Soon after the passage of the Deficit Reduction Act of 2005 (DRA), New Jersey’s Division of Medical Assistance and Health Services, the State Medicaid agency, took the position that the penalty period, or period of ineligibility for Medicaid, resulting from transfers made during the look-back period by applicants for home or community – based services under Medicaid waiver programs could not start until the applicant was actually receiving services because only then would the applicant be considered an “institutionalized individual” as required under federal law. The agency’s position meant that the penalty period would never begin because the transfer itself prohibited the receipt of Medicaid services. As a result, for the last few years every applicant for coverage under a Medicaid waiver program who made transfers during the look-back period was found forever ineligible for Medicaid. Since the penalty period could not start under the agency’s interpretation of the DRA but a penalty was imposed as a result of the transfer, the penalty period was “never ending”, and the applicant never became eligible for benefits.

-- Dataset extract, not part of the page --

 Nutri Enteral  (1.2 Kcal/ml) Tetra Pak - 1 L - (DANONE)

A number of New Jersey applicants for waiver services who had made transfers after enactment of the DRA and who were denied Medicaid benefits challenged the agency’s interpretation, arguing that the actual receipt of services is not necessary to be an “institutionalized individual” and therefore the penalty period begins when the applicant would be otherwise eligible for Medicaid benefits but for the application of the penalty.

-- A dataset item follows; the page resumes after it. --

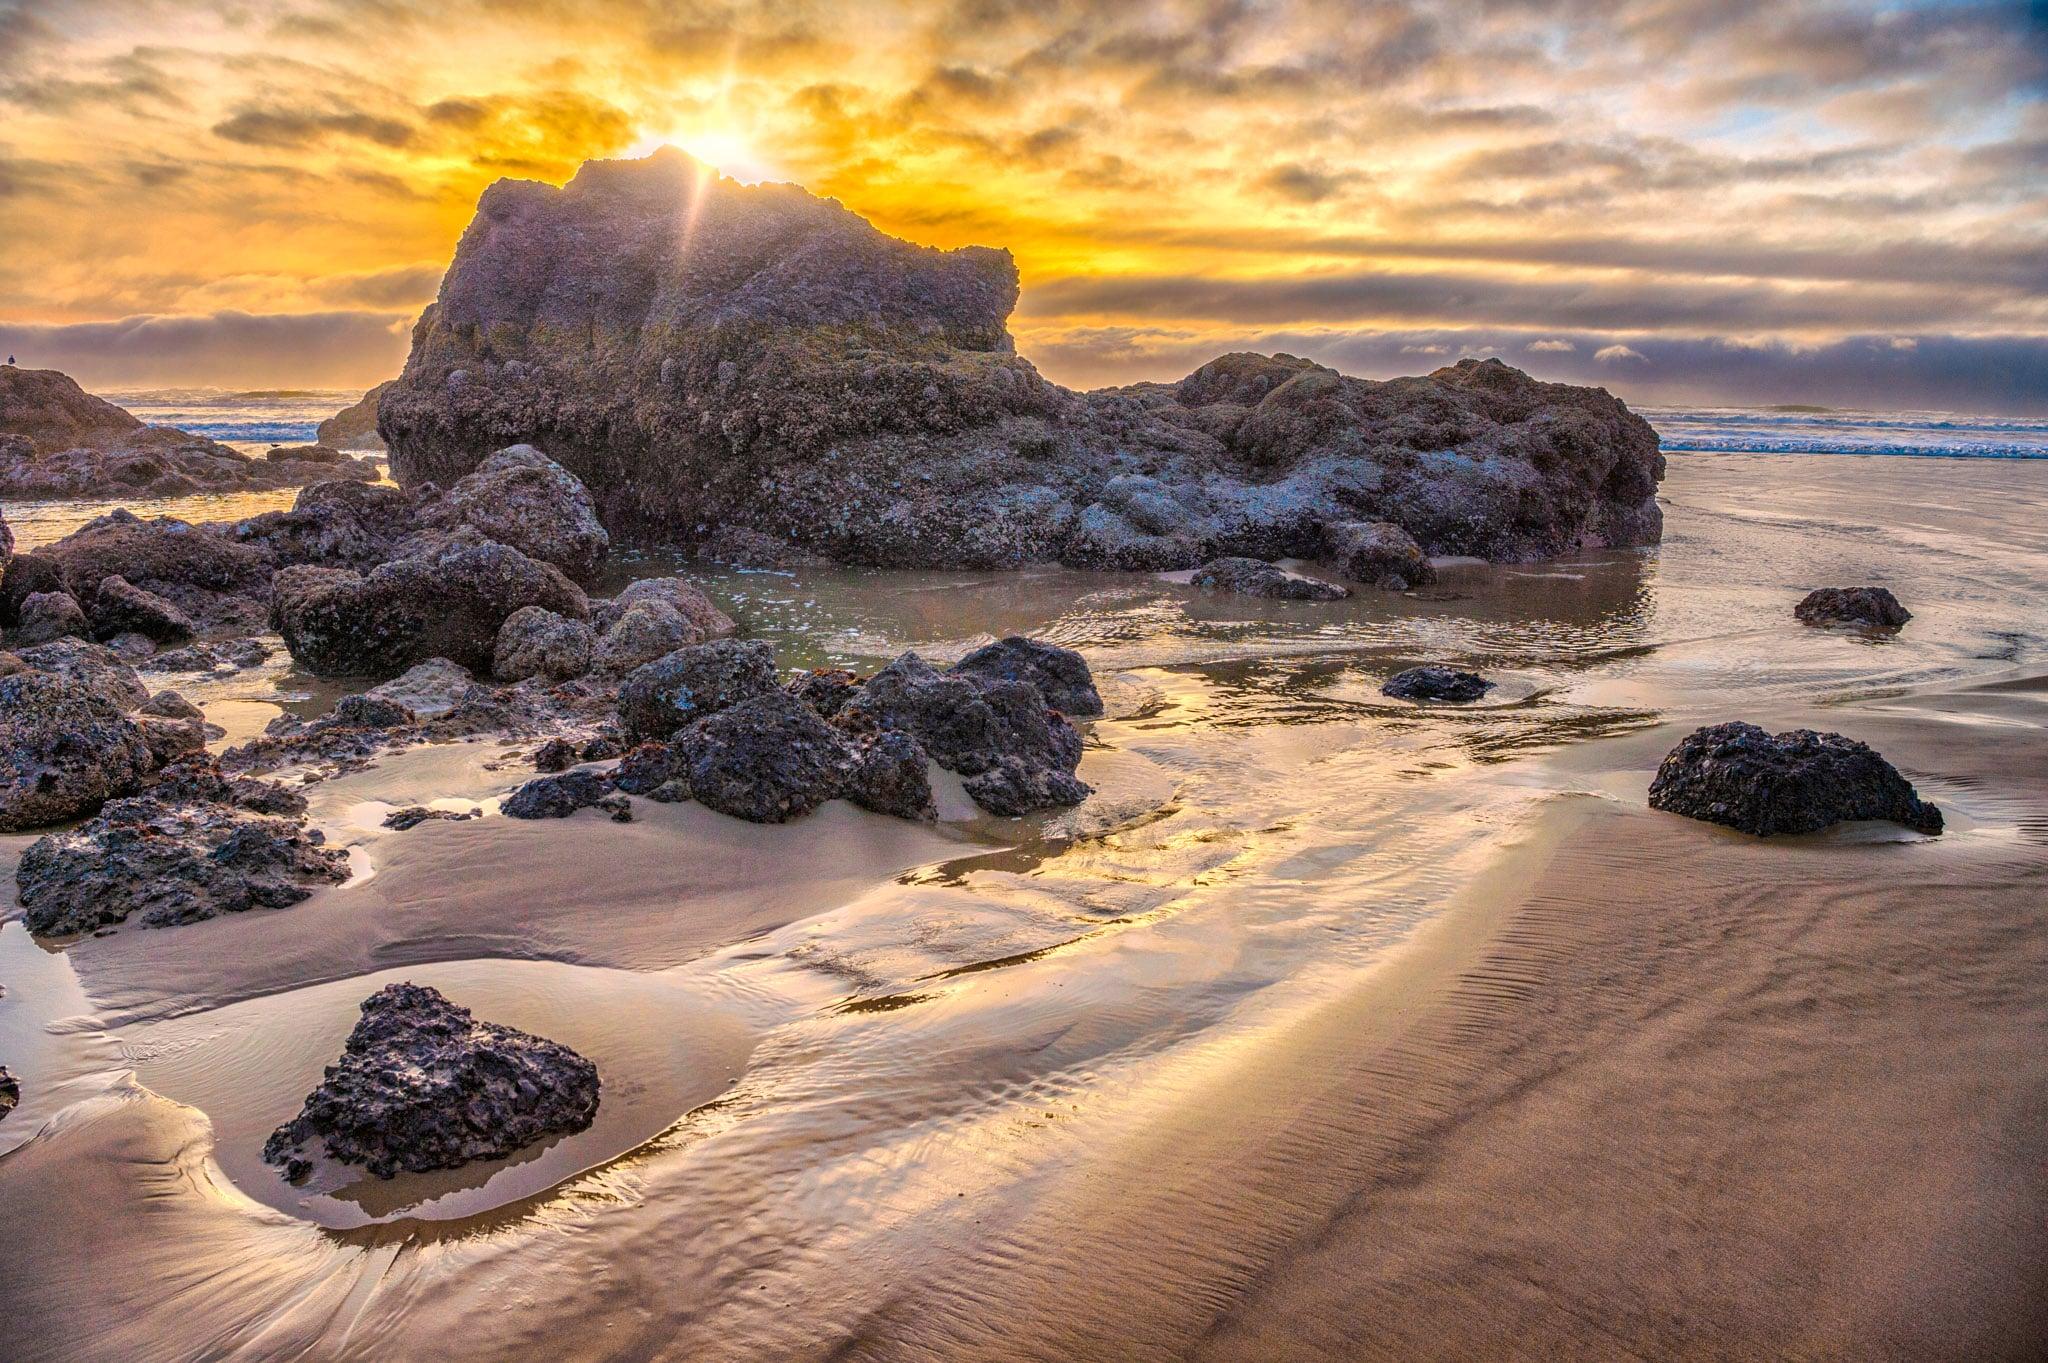 Cannon Beach Sunset - Oregon's Pacific coast

Several applicants for waiver services appealed their denials of benefits, and asked for a hearing before an administrative law judge (ALJ). In an April 9, 2008 decision, the ALJ issued a Summary Decision agreeing with the applicants’ interpretation. Calling the state’s construction of the DRA “tortured” and “strained,” the ALJ found that “petitioners’ applications seeking community-based waiver services are sufficient to classify petitioners as institutionalized individuals.” The ALJ went on to write that the state’s “interpretation would actually encourage placement in a nursing facility over less-costly waiver services and undermine the impetus for the DRA’s enactment.” The ALJ concluded that “[t]he plain meeting of 42 U.S.C.A. § 1396p(c)(1)(D)(ii) is clear and the [State’s] strained interpretation is conflicting, contrived and inconsistent with the statute’s legislative history.”

On September 3, 2008, the ALJ’s decision was reviewed by the Director of the State Medicaid agency who reversed the ALJ’s decision and upheld the State’s position and its “never ending” penalty interpretation of the DRA. (I previously blogged about the ALJ’s decision and the Director’s reversal here.)

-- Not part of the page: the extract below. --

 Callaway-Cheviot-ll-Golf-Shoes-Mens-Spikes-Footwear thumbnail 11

Then things got interesting. Instead of appealing the Director’s decision to the Appellate Division of the New Jersey Superior Court, the usual route taken in administrative appeals, the applicants instead filed a federal complaint in the United States District Court for the District of New Jersey pursuant to 42 U.S.C. §1983. The plaintiffs / applicants claimed, among other things, that the State of New Jersey and affiliated agencies violated federal Medicaid law by failing to impose a penalty period against applicants who made transfers of assets and who applied for home – or community – based coverage under a Medicaid waiver program. In lieu of an answer, defendants filed a motion to dismiss Plaintiffs’ complaint, which was denied by the court on September 8, 2009.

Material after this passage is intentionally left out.